Countering LGBTQ2S+ Defenses of Pride
Chances are, if you raise any of these arguments with members or allies of the LGBTQ2S+ community, they will respond by saying that your position undermines their equality, rights, and/or freedom. Here are some suggestions of how to respond to these accusations:
- Equality, rights, and freedoms have limits. Complete marriage equality would naturally require the allowance of polyamory, incestuous marriages, and potential child marriage, yet Canadian society opposes all three on the grounds that someone cannot marry absolutely anyone they want. Constitutionally, the Canadian Charter of Rights and Freedoms states that all rights and freedoms are subject to “such reasonable limits prescribed by law as can be demonstrably justified in a free and democratic society.”
- No one has the legal right or freedom to require someone else to affirm their chosen identity. For instance, there are no “identity rights” in the Charter that require the state, much less a private citizen or institution, to recognize a given identity. The Charter gives people limited rights to “do” things; it does not give them any right to “be recognized as” something.
Finally, when voicing opposition to LGBTQ2S+ expression or identities, it is quite likely that Christians will be accused of being homophobic or transphobic. These accusations are easier to respond to (even if the commenter doesn’t agree with them):
- As Christians, we should never hate people because each person’s identity is fundamentally an image-bearer of God. We hate activities and even identities that God declared sinful, just as many other people hate activities or identities that they consider wrong. Environmentalists hate coal mining (but hopefully not coal miners) and try to eliminate the practice. Policemen hate drunk driving (but hopefully not the drunk drivers) and try to reduce the incidence of drunk driving. Liberals may hate conservative policies (but hopefully not conservatives) and strive to advance Liberal policies. In the same way, Christians ought to hate gender dysphoria and how it hurts the person experiencing it (but not hate the person experiencing it) and strive to resolve it according to God’s good prescription for humanity.

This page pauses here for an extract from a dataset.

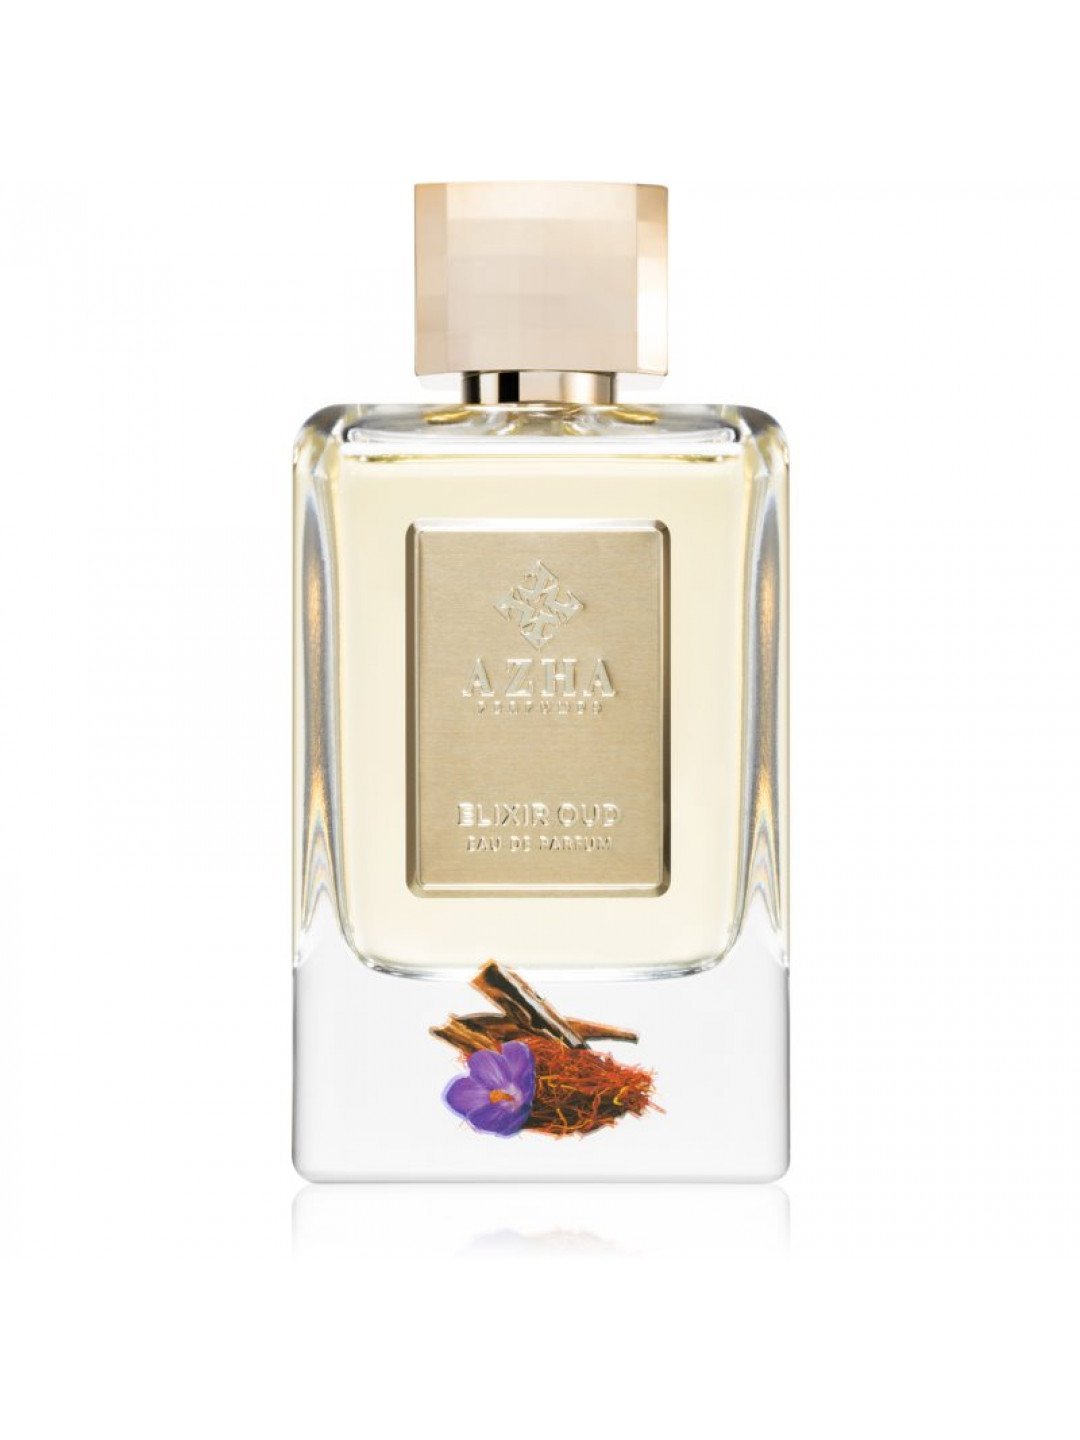 AZHA Perfumes Elixir Oud parfémovaná voda unisex 100 ml

- Disapproval does not equal hatred. Christian love requires communicating disapproval for what is wrong because love does not “rejoice at wrongdoing but rejoices with the truth” (1 Corinthians 13:6). We can explain how this has an eternal dimension to it, how we don’t simply call out sinful behaviour because it is wrong at the moment but because each person will eventually have to give an account for their actions to a perfectly just Judge. Letting people merrily walk the road to eternal punishment is the most unloving thing a Christian can do.
Conclusion
ARPA’s mission is to “educate, equip, and encourage Reformed Christians to political action and to bring a biblical perspective to our civil authorities.” This requires us not to hide the light of truth under a basket on challenging topics such as gender identity or sexual orientation but to prepare each person to speak to these topics in a biblical and loving way. We hope that suggestions like these help you in this calling.